Atrial fibrillation (AF) is the most common cardiac arrhythmia, followed by atrial flutter. Both arrhythmias may increase the risk of stroke. Atrial fibrillation affects about 1% to 2% of the population.1 Patients with atrial flutter often have episodes of AF.
Direct current cardioversion (DCCV) treats atrial arrhythmias by attempting to return the patient to a normal sinus rhythm. When sinus rhythm is restored, cardiac structural changes that might have occurred as a result of AF or atrial flutter may be reversed.2 However, patients undergoing cardioversion are at an increased risk of stroke if a thrombus is present in the left atria. This thrombus may become dislodged during the procedure. Although sinus rhythm may be restored during cardioversion, restoration of the atrial mechanical function may take several weeks, and new thrombi may form during that time. Stroke risk is significantly decreased with anticoagulation.3,4
Current guidelines on antithrombotic therapy for AF and atrial flutter recommend that patients who are appropriate candidates for electrical cardioversion need to be properly anticoagulated for 3 to 4 weeks before and after the procedure if the duration of AF or flutter is > 48 hours or is unknown.5 The practice of anticoagulating candidates needing cardioversion for 3 to 4 weeks before the procedure and 4 weeks after the procedure is based on the theory that it takes about 14 days for a new thrombus to firmly adhere to the atrial wall.6 Therefore 3 to 4 weeks of anticoagulation before cardioversion will prevent new thrombi from forming and theoretically allows enough time for older thrombi to adhere to the atrial wall.
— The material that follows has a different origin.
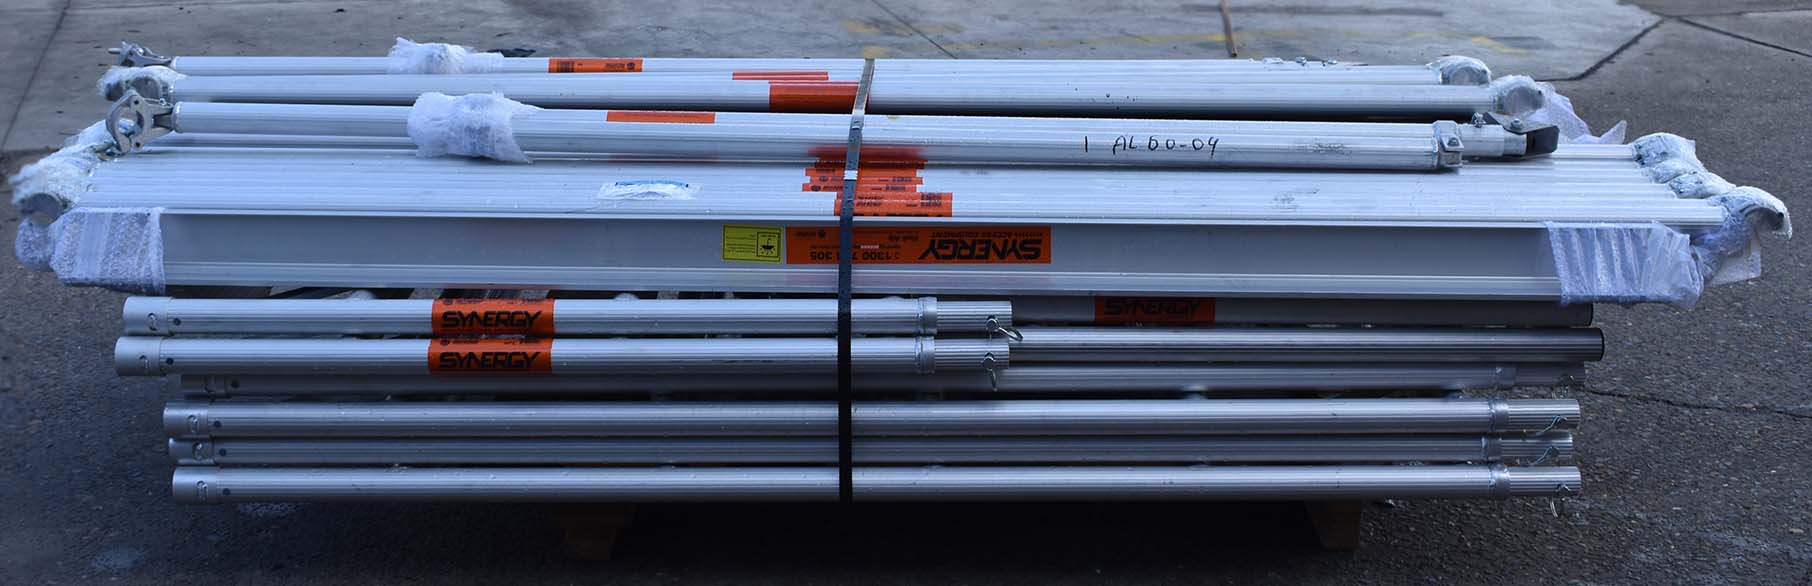 Aluminium Mobile Wide Scaffold 1.8m - 2.2m (Platform Height)

Anticoagulation for 4 weeks after cardioversion will prevent new thrombi from forming in the atria during the several weeks that atrial remodeling takes place.3,7 These practices are based on physiologic concepts and observational studies and have not been evaluated in randomized, controlled clinical trials.7
To receive an electrical cardioversion, patients at the VA Portland Health Care System (VAPORHCS) should maintain a therapeutic international normalized ratio (INR), defined as 2.0 to 3.0, for 4 consecutive weeks. The Anticoagulation Clinic monitors patients receiving warfarin for planned DCCV at least weekly. The estimated average time for cardioversion candidates at the VAPORHCS to achieve stability on warfarin is 2 months. Prolonging the time to DCCV may expose symptomatic patients to additional discomfort, lead to further cardiac remodeling, and result in poorer outcomes.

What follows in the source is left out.